# Spaying advice



## Hannabelle (Apr 20, 2011)

Hi there,

Our female rabbit is nearly two and has just come into season for the first time. She's not dealing very well with it and we have been advised to get her spayed. She's been a very poorly bunny in the past and I'm worried that shes not strong enough to cope with an operation. Is it risky to let her have it? 

Also, she sprays (alot!!), makes a buzzing sound and circles peoples feet...apparently only male rabbits do this! Is our rabbit a little confused or do females usually do this too??

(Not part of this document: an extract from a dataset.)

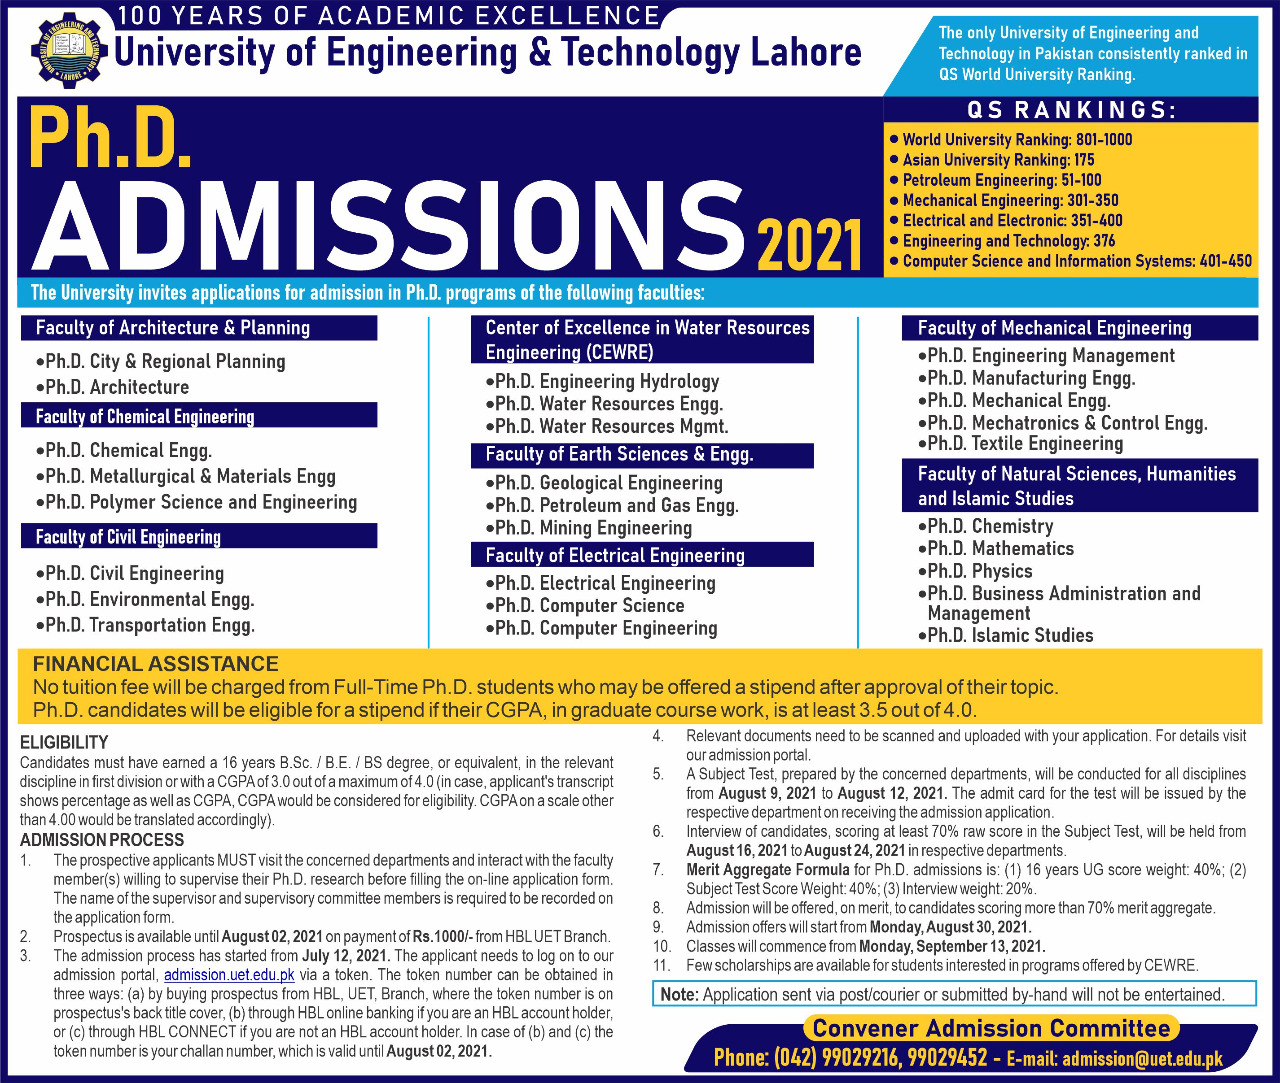 UET announces admission schedule

All advice will be appreciated, thanks :001_smile:


----------



## Guest (Apr 20, 2011)

By season do you mean she is having a phantom?
Rabbits don't have seasons as such, It is the act of mating that stimulates the doe to ovulate so that she is constantly ready to mate as soon as she has dropped a litter. 

2 isn't very old for a spay, but you say she has been ill in the past, what illness are you talking about?
As for the buzzing, it is because she is sexually mature and you are the object of her affections 

Personally I believe that spaying is very important with a doe as 80% of does contract uterine cancer by the age of 4 and then die a very slow and painful death  Also once she is spayed you will be able to get her a neutered friend so that she can live out the rest of her 10 years + being a happy content rabbit


----------



## Lil Miss (Dec 11, 2010)

im confused, what do you mean come into season?
rabbits do not come into season, they are induced ovulators, can you explain her symptoms?

as for the risk of a spay, it is actually much more risky not to spay her 80% of all female rabbits will develop uterine cancer by the age of just 5.
i have a 2 year old with suspected uterine cancer (ex breeder stock), it could have been prevented by getting her spayed 

spays are pretty routine procidures, aslong as she is over 1K in weight she should be fine, just make sure you have a good bunny savy vet.

how was she ill in the past?

as for the spraying and buzzing, it is more a male thing, but does with very high hormone levels have been known to too.


----------



## purple_x (Dec 29, 2010)

My mums little female bunny does the buzzing sound and constantly runs round peoples feet (usually mine!)
Luckily she has just about reached 1kg (she's a tiny nethi) and she's 6months old so she is going for her spay in 2 weeks time and will have her husbun by the end of the year, yay!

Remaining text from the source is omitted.